Here's the minimal representation of the problem in my code :
use std::collections::HashMap;
fn main() {
let mut map : HashMap<String, String> = HashMap::new();
map.insert(String::from("a"), String::from("first"));
map.insert(String::from("b"), String::from("second"));
let mut funcs: Vec<Box<dyn FnMut(String) -> ()>> = Vec::new();
for (key, val) in map {
funcs.push(Box::new(|v| {
println!("{} : {} : {}",key,val,v);
}))
}
for mut func in funcs {
func(String::from("c"));
}
}
The error : (same for val) :
`key` does not live long enough
values in a scope are dropped in the opposite order they are defined rustcE0597
main.rs(12, 5): `key` dropped here while still borrowed
main.rs(9, 29): value captured here
main.rs(17, 1): borrow might be used here, when `funcs` is dropped and runs the
`Drop` code for type `Vec`
This is a minimalist representation of my real life use case - I'm using a library which requires me to feed it a bunch of closures for an combined execution later on. I first build a HashMap, then loop over it to create a list of FnMut (in this minimal example Fn would also be fine)
I get the general idea of the error that I'm creating key (and val) with temporary lifespan which ends at the end of each loop, and the closures have a "deferred" execution where they will want to access this data which will no longer exist - but I have no idea how to fix it.
I tried map.into_iter(), map.drain() (to not use references), wrapping the data with Rc - without avail. What is the correct solution here ?
Since building the map is a somewhat complex process, I'd like to still have it built before making closures if possible.
EDIT1:
The solution to add move in front of the closure by #Masklinn does work here, but it creates other issues in my real code
The value of the map I use is Vec<MyStruct> which is not copyable, so it cannot be moved. I think I can solve it by implementing Copy trait (my struct is small enough, basically a bunch of Option)

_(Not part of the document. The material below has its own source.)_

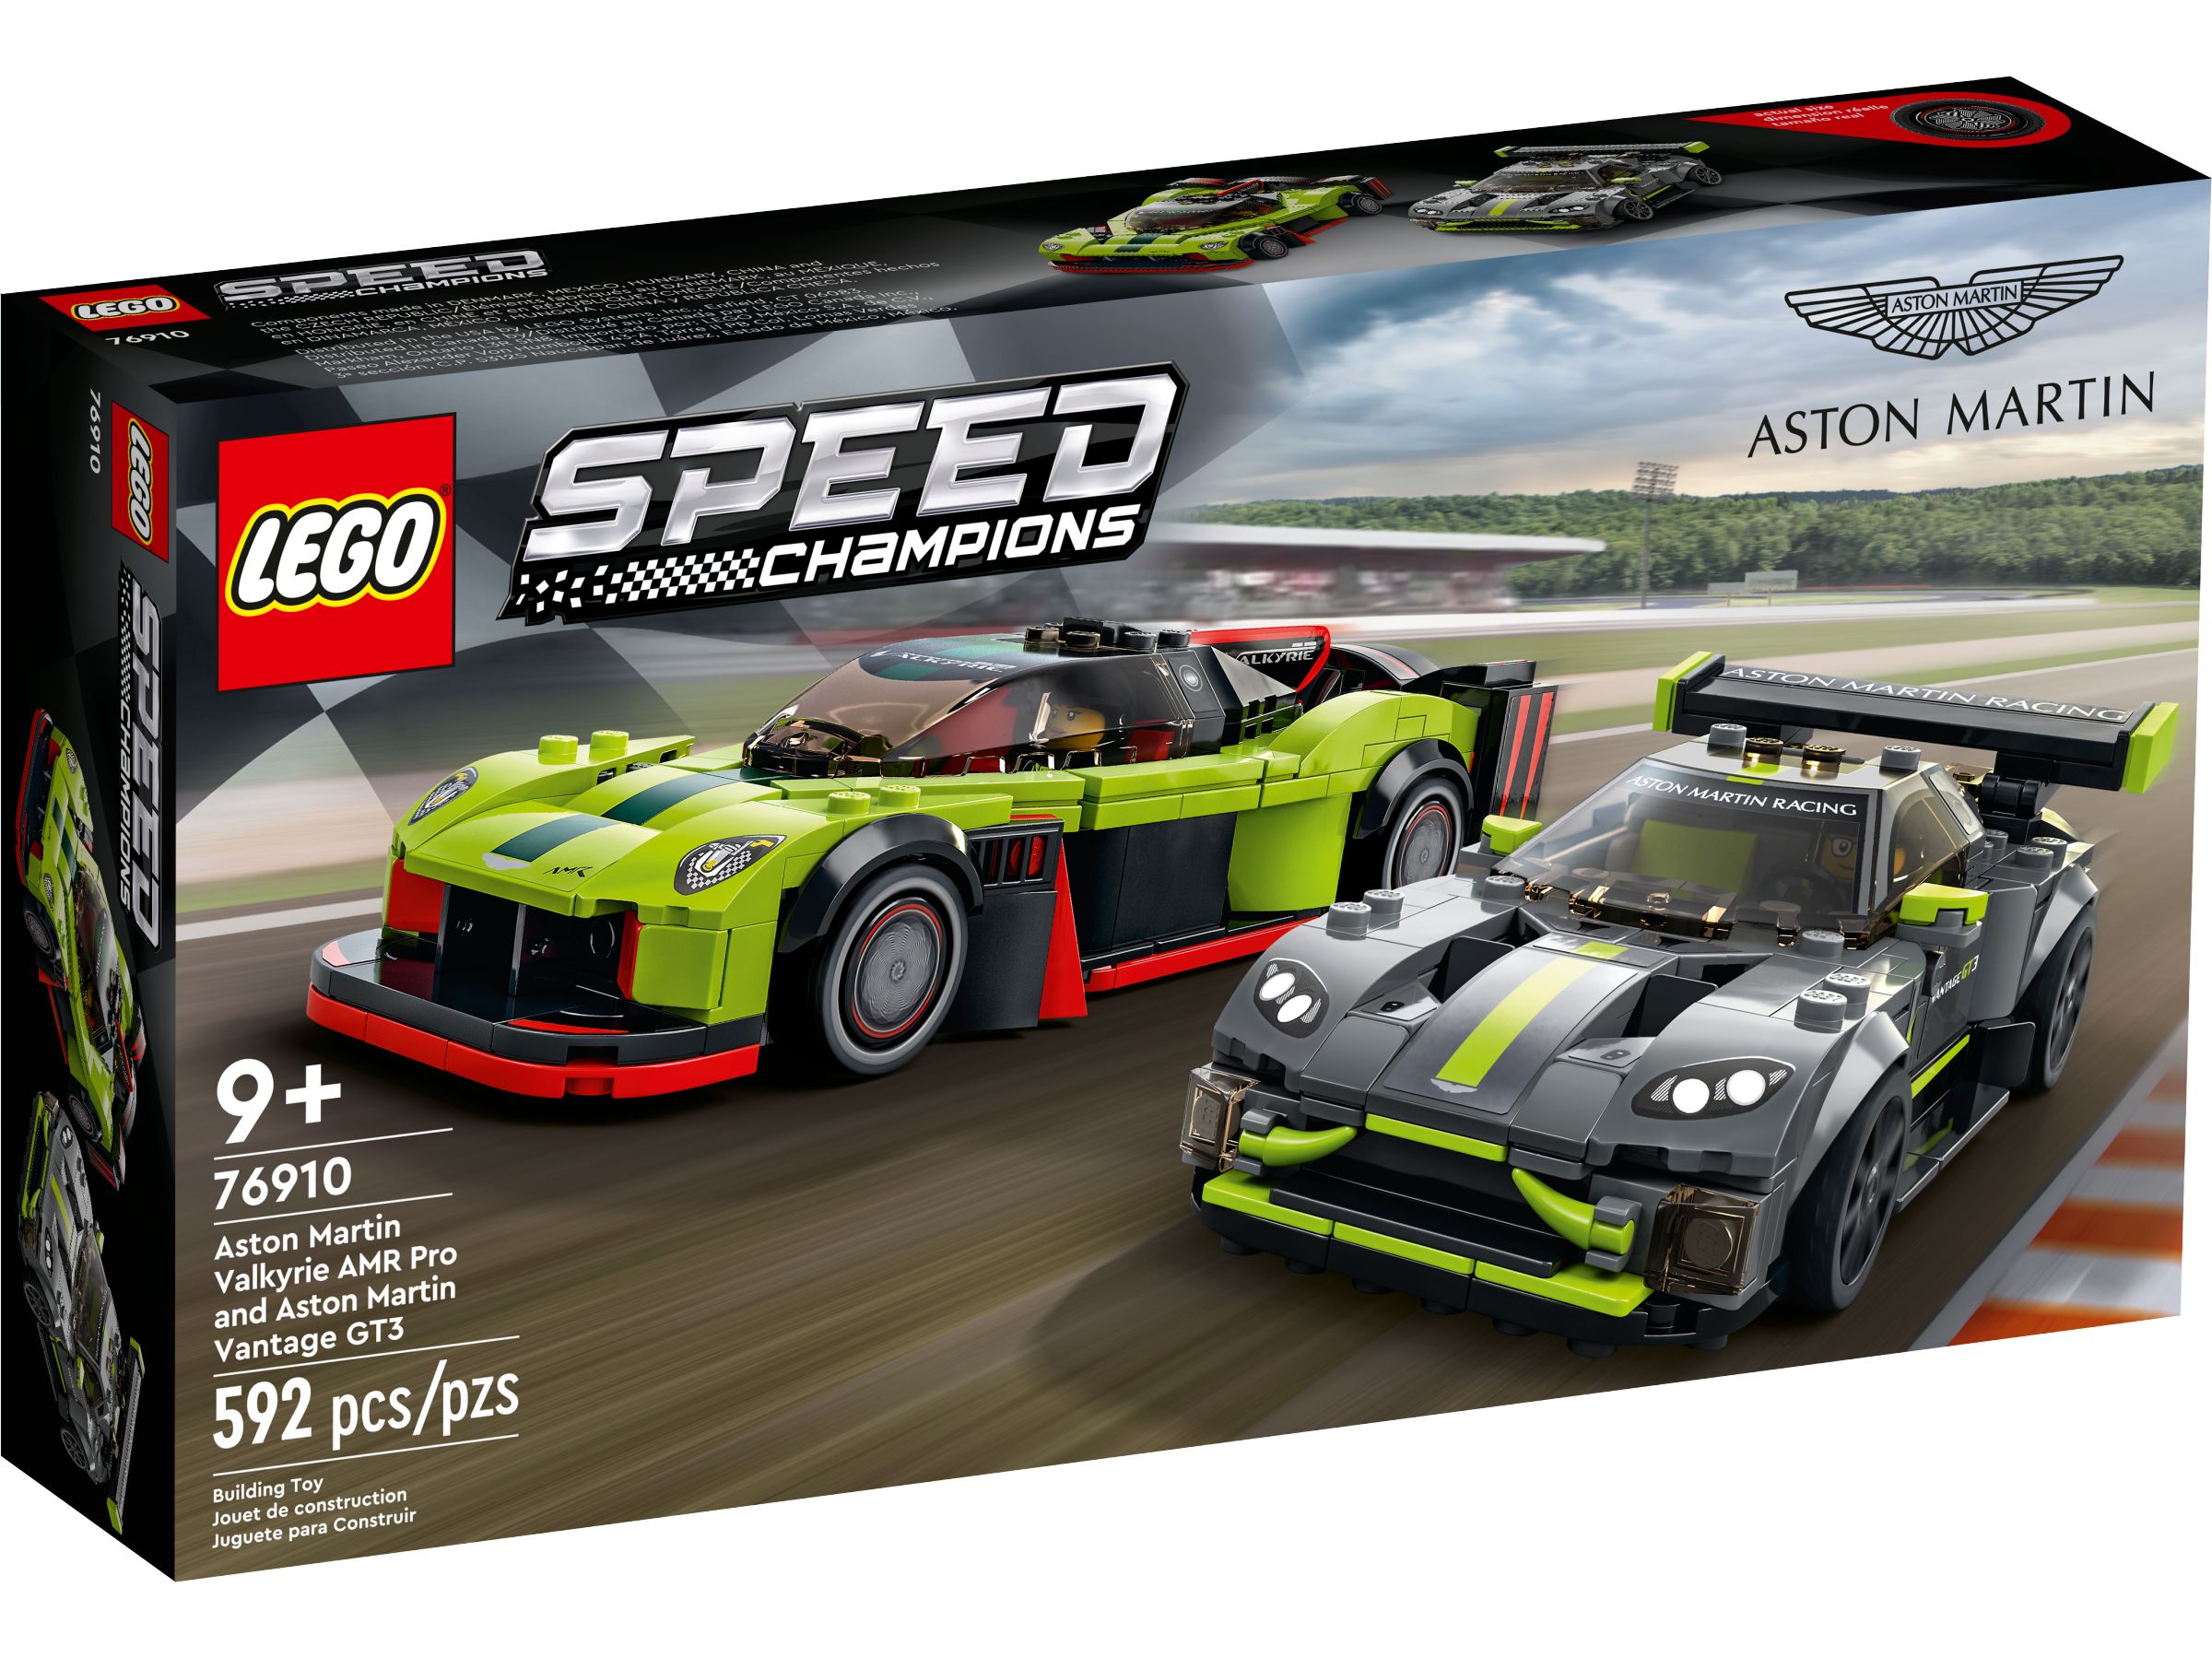 LEGO Speed Champions 76910 Aston Martin Valkyrie AMR Pro & Aston Martin Vantage GT3 LEGO_76910_alt1.jpg

The second issue is that as I create multiple closures, I borrow yet a second HashMap in multiple closures (non mutably), so after the second closure forth I get use of moved value error : how to handle this case ?
EDIT2: Illustration of second problem when using move :
fn main() {
let mut map : HashMap<String, Vec<String>> = HashMap::new();
map.insert(String::from("a"), Vec::from([String::from("first")]));
map.insert(String::from("b"), Vec::from([String::from("first")]));
let map2 : HashMap<String, Vec<String>> = HashMap::new();
let mut funcs: Vec<Box<dyn FnMut(String) -> ()>> = Vec::new();
for (key, val) in map {
funcs.push(Box::new(move |v| {
println!("{} : {:?} : {}, {}",key,val,v, map2.capacity());
}))
}
for mut func in funcs {
func(String::from("c"));
}
}
Error:
use of moved value: `map2`
value moved into closure here, in previous iteration of looprustcE0382
main.rs(12, 54): use occurs due to use in closure
main.rs(7, 9): move occurs because `map2` has type `HashMap<String, Vec<String>>`, which does not implement the `Copy` trait
Should I only be using copyable data (if yes, how ? Wrap the hashmap into a custom copyable struct?), or is there another way?
EDIT : SOLUTION
Thanks to #Masklinn : wrapping non-copyable data into Rc works perfectly !

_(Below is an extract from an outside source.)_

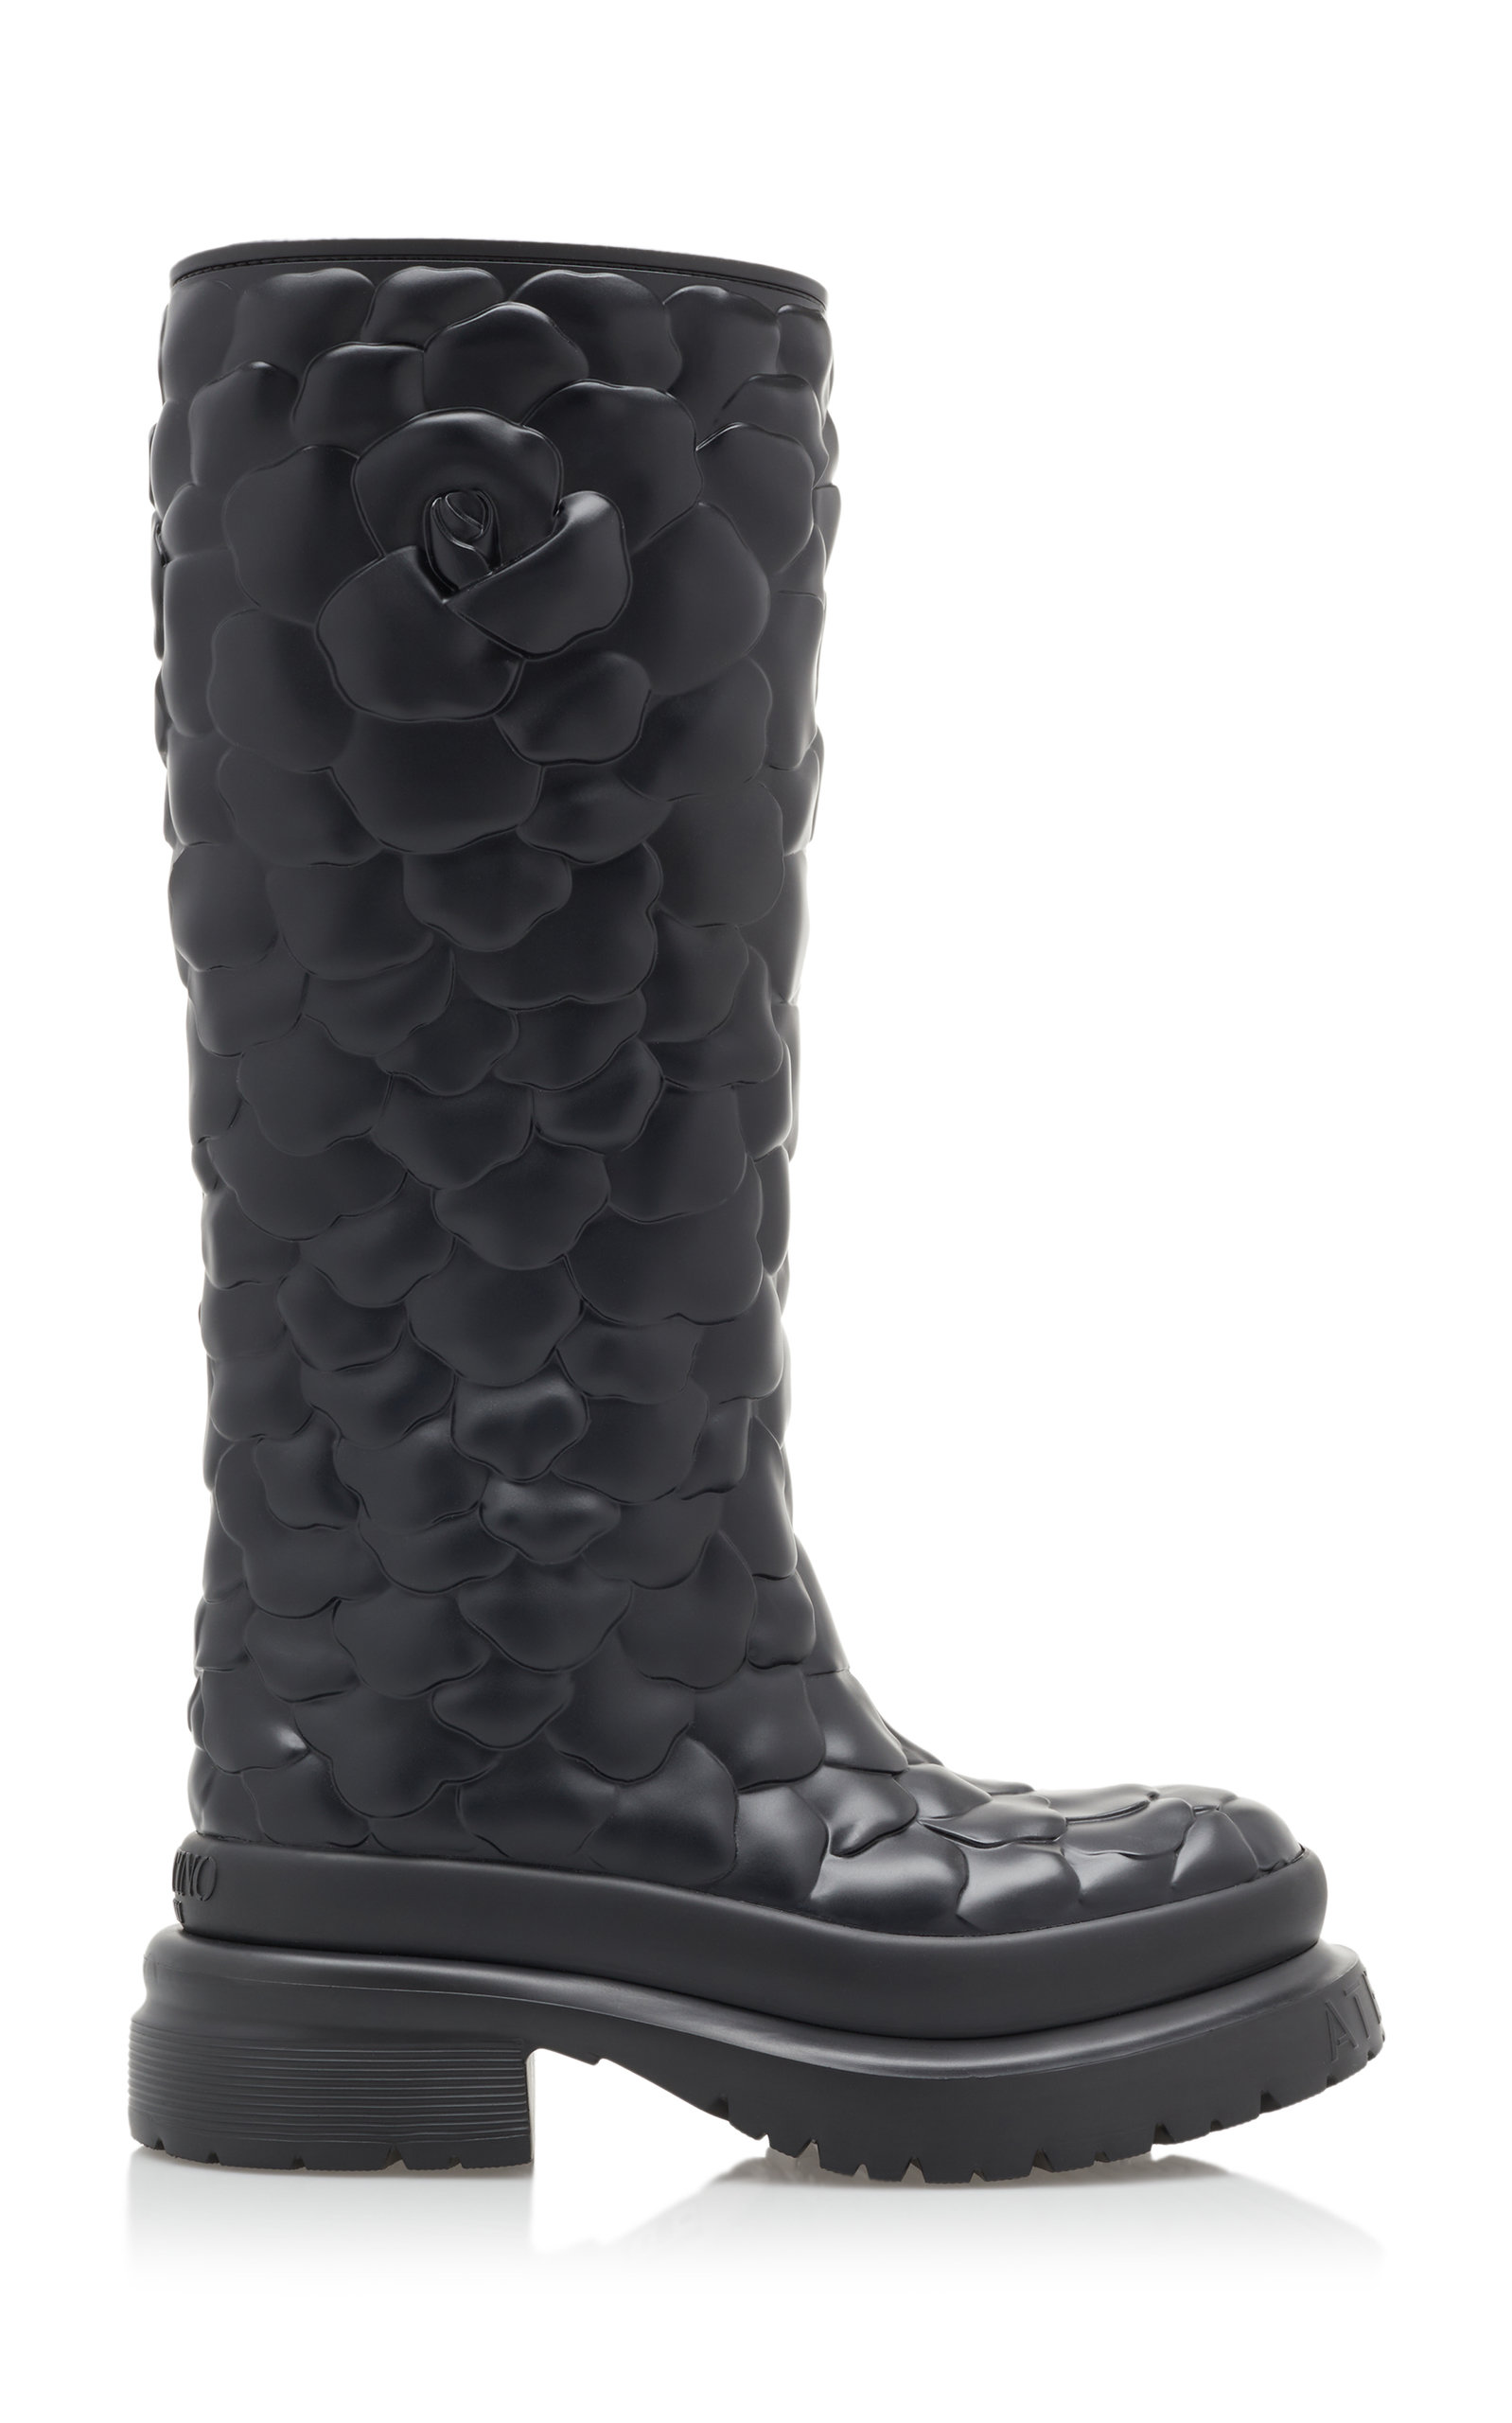 Valentino - Women's Valentino Garavani Rose Atelier Leather Boots - Black/white - Moda Operandi

use std::{collections::HashMap, rc::Rc};
fn main() {
let mut map : HashMap<String, Vec<String>> = HashMap::new();
map.insert(String::from("a"), Vec::from([String::from("first")]));
map.insert(String::from("b"), Vec::from([String::from("first")]));
let map2 : HashMap<String, Vec<String>> = HashMap::new();
let rc_map2: Rc<HashMap<String, Vec<String>>> = Rc::new(map2);
let mut funcs: Vec<Box<dyn FnMut(String) -> ()>> = Vec::new();
for (key, val) in map {
let rc_map2_clone = rc_map2.clone();
funcs.push(Box::new(move |v| {
println!("{} : {:?} : {}, {}",key,val,v, rc_map2_clone.capacity());
}))
}
for mut func in funcs {
func(String::from("c"));
}
}
What is the correct solution here ?
Just add the keyword move before the closure:
funcs.push(Box::new(move |v| {
println!("{} : {} : {}",key,val,v);
}))
By default, lambdas try to infer how the variable closed over should be captured (reference, mutable reference, or value). However this is based exclusively on usage.
Here you're just printing the key and value, so the usage requirements are just shared references, therefore inside the closure you have key: &String and val: &String.
By using move closures, you're telling the lambda to always capture by value (and you'll manage capturing e.g. references by value).
By using a move closure here we're making the closure own the key and value Strings, therefore their lifetimes are not an issue anymore.
Related
Running into an ownership issue when attempting to reference multiple values from a HashMap in a struct as parameters in a function call. Here is a PoC of the issue.
use std::collections::HashMap;
struct Resource {
map: HashMap<String, String>,
}
impl Resource {
pub fn new() -> Self {
Resource {
map: HashMap::new(),
}
}
pub fn load(&mut self, key: String) -> &mut String {
self.map.get_mut(&key).unwrap()
}
}
fn main() {
// Initialize struct containing a HashMap.
let mut res = Resource {
map: HashMap::new(),
};
res.map.insert("Item1".to_string(), "Value1".to_string());
res.map.insert("Item2".to_string(), "Value2".to_string());
// This compiles and runs.
let mut value1 = res.load("Item1".to_string());
single_parameter(value1);
let mut value2 = res.load("Item2".to_string());
single_parameter(value2);
// This has ownership issues.
// multi_parameter(value1, value2);
}
fn single_parameter(value: &String) {
println!("{}", *value);
}
fn multi_parameter(value1: &mut String, value2: &mut String) {
println!("{}", *value1);
println!("{}", *value2);
}
Uncommenting multi_parameter results in the following error:
28 | let mut value1 = res.load("Item1".to_string());
| --- first mutable borrow occurs here
29 | single_parameter(value1);
30 | let mut value2 = res.load("Item2".to_string());
| ^^^ second mutable borrow occurs here
...
34 | multi_parameter(value1, value2);
| ------ first borrow later used here
It would technically be possible for me to break up the function calls (using the single_parameter function approach), but it would be more convenient to pass the
variables to a single function call.
For additional context, the actual program where I'm encountering this issue is an SDL2 game where I'm attempting to pass multiple textures into a single function call to be drawn, where the texture data may be modified within the function.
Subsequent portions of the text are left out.